The Institute for Family Studies (IFS) found a surprising outcome when it tabulated the latest U.S. Census Bureau data: the percentage of children who live in two-parent households has risen to a thirty-year high of 70.4%.
The finding was satisfying, yet surprising because for more than half a century all the “experts” on the Left have agreed that the nuclear family was antiquated and not beneficial to society:
The two-parent family of married mother and father bringing up their own biological children would soon be replaced by a menagerie of alternate family forms: cohabiting couples with children; single-parent families; blended families; same-sex couples raising children conceived and born in a variety of unconventional ways; and so on.
In other words, the Left’s so-called experts thought they had won the cultural war for the family by doing everything in their power to destroy the traditional family values of the two-parent household.
Thankfully, it appears they were wrong.

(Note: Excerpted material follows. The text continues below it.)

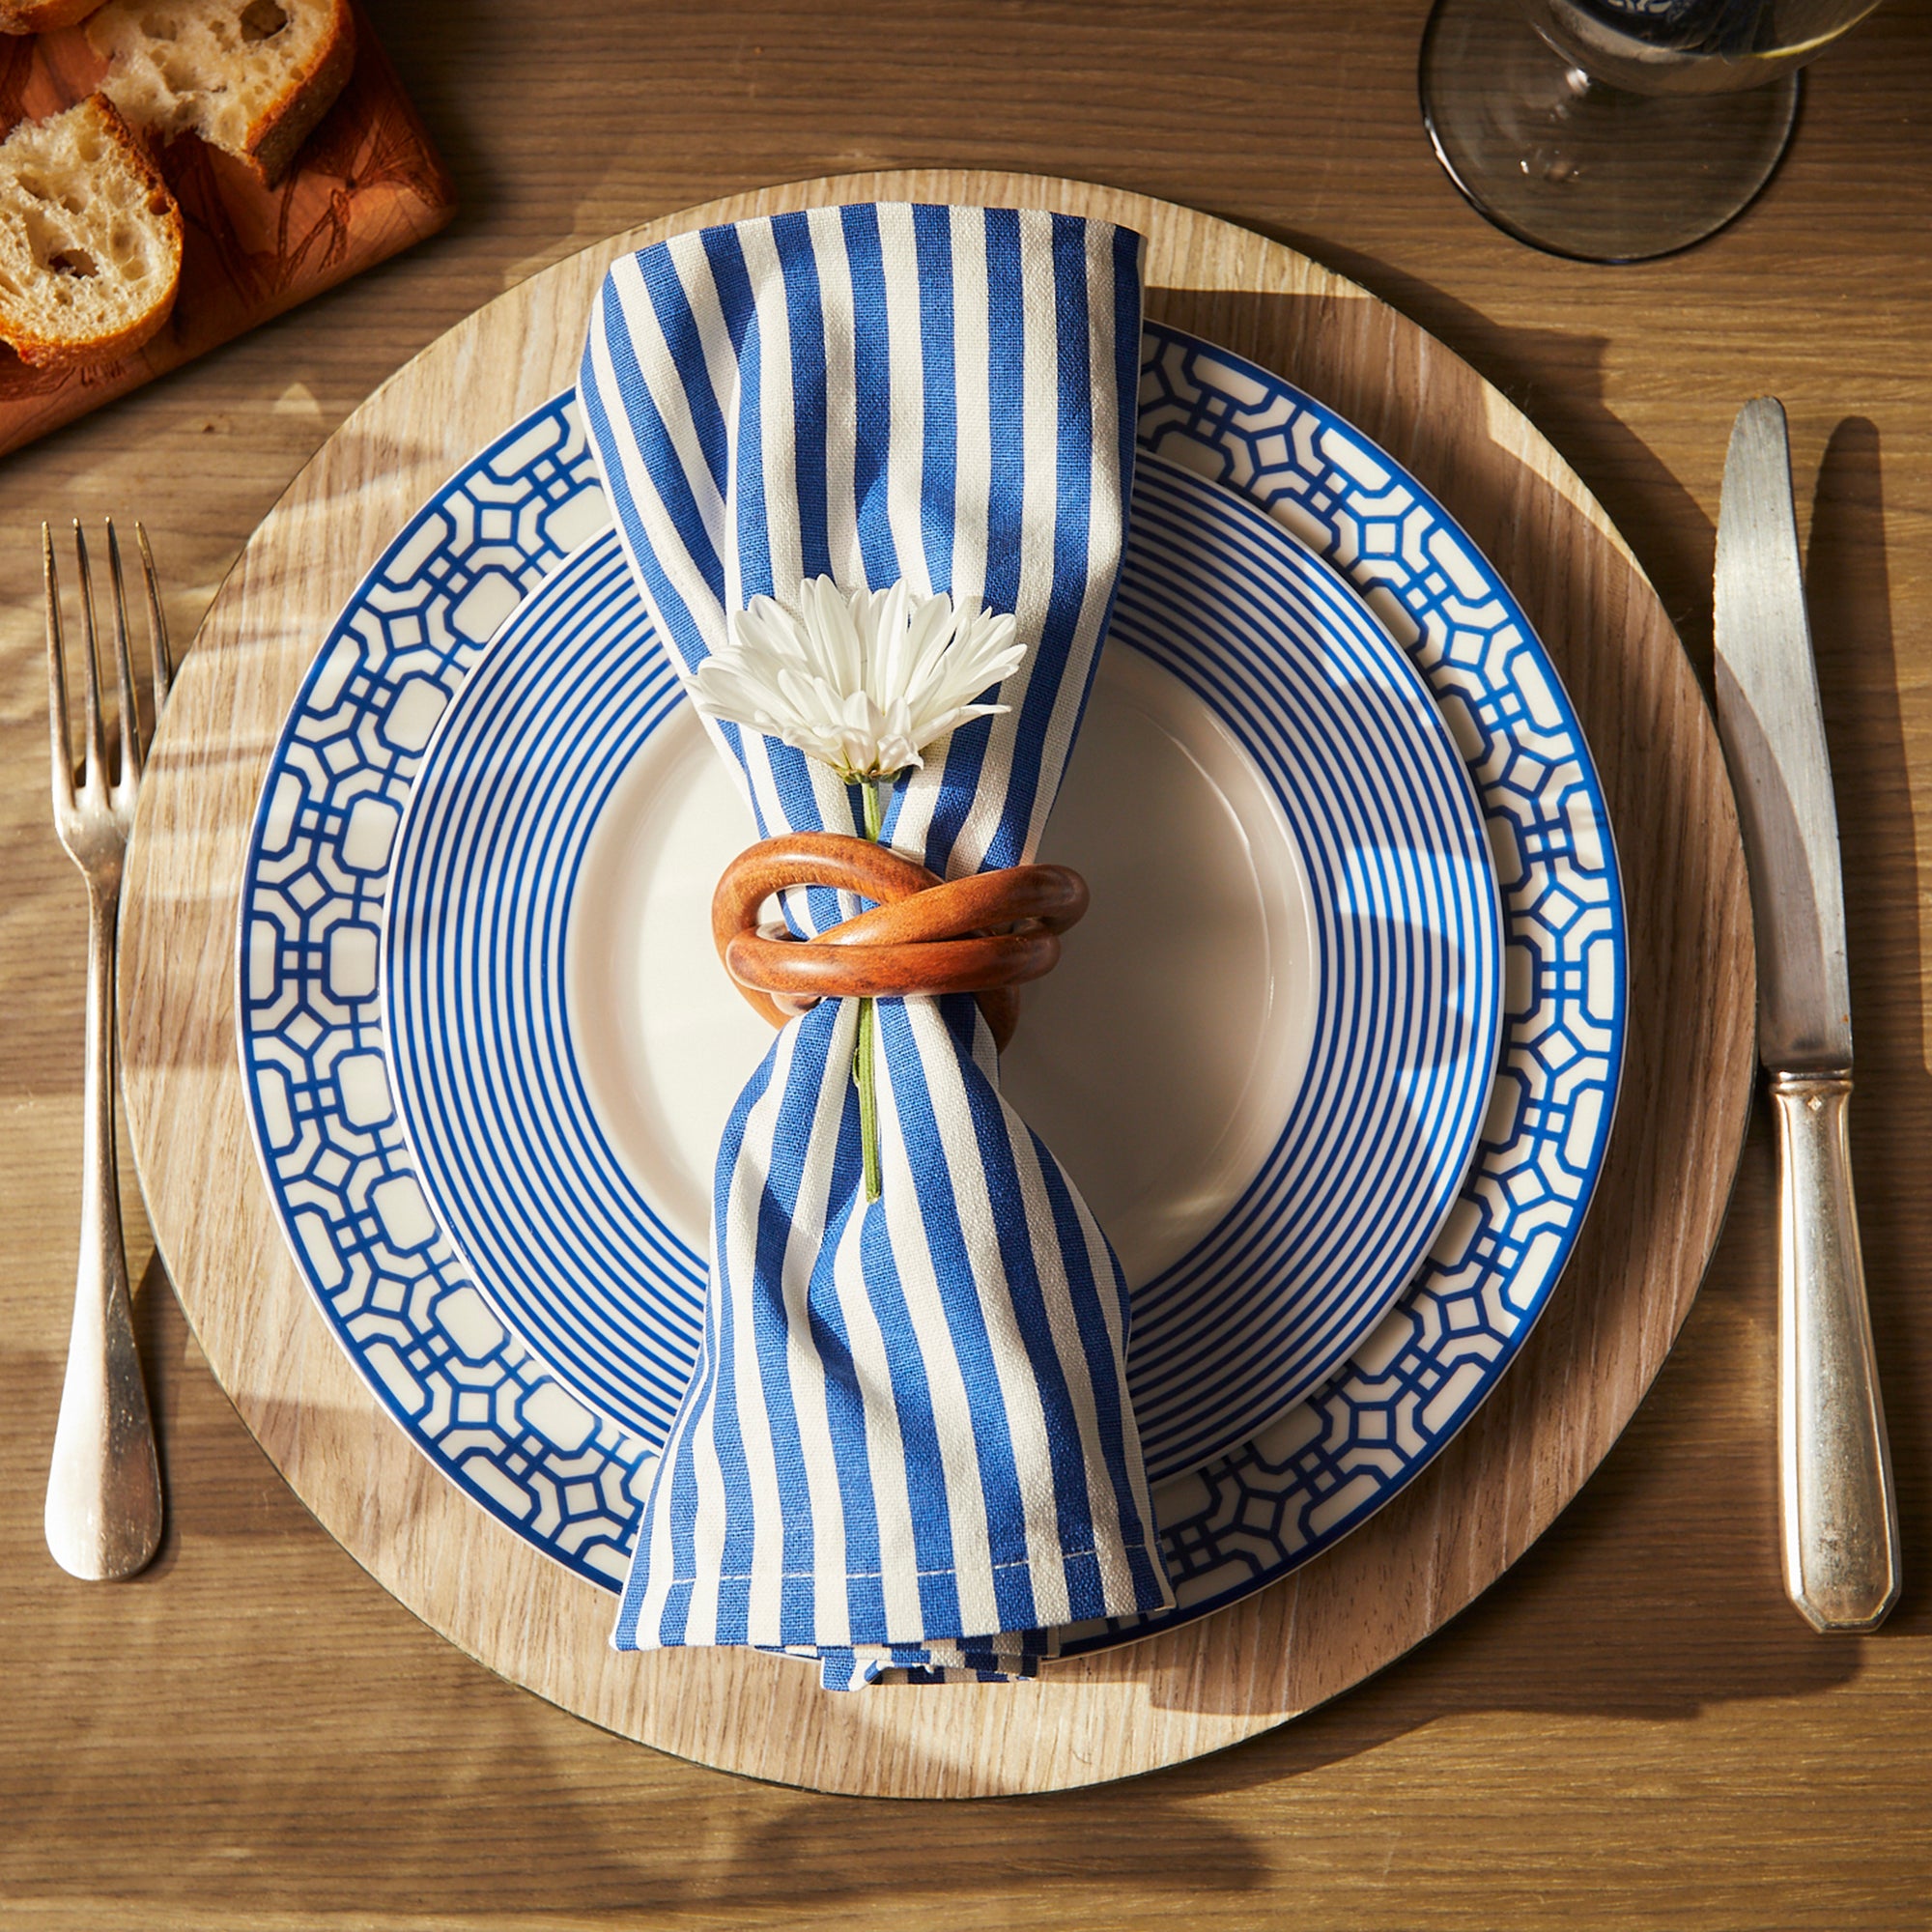 A Newport Garden Gate Rimmed Dinner Plate by Caskata Artisanal Home featuring a geometric blue pattern along the rim, perfect for any contemporary dinnerware or coastal collections.

Clearly, the nuclear family is alive and thriving even in the midst of a pandemic — though not at levels it once was.
The proportion of children living with two parents has gradually recovered, reaching 70% in 2020. And the fraction living in one-parent families has slipped from 28% to 25%, while the number living with neither parent has leveled off between 4 and 5 percent.
As Figure 1 above shows, the upward trend for two-parent households began in the mid-1990s and took off in earnest around 2008 where it steadily climbed to 2020’s numbers. While this is compelling for sure, the Census Bureau does include some flaws in its data by combining data from family subsets like “stepparent and adoptive families with both birth-parent families, making their two-parent category more inclusive than commonly understood.”
With those flaws in mind, Nicholas Zill from IFS crunched the 2020 Census Bureau numbers further to show a more detailed picture of family living arrangements:
In Figure 2, it’s plain to see that kids living with both parents are still within the dominant living arrangement. Zill found that even though 63.1% represents a smaller percentage than 70.4%, it “actually represents a small increase from what the proportion of children living with both birth parents was in 2012,” which was 61%.
Although the Census Bureau’s data is encouraging and we can continue to hope the trend grows, we have to wait for more survey data in the years to come to know for certain. Until then, the Right must do everything it can to support and encourage the parents, kids, and families in our communities.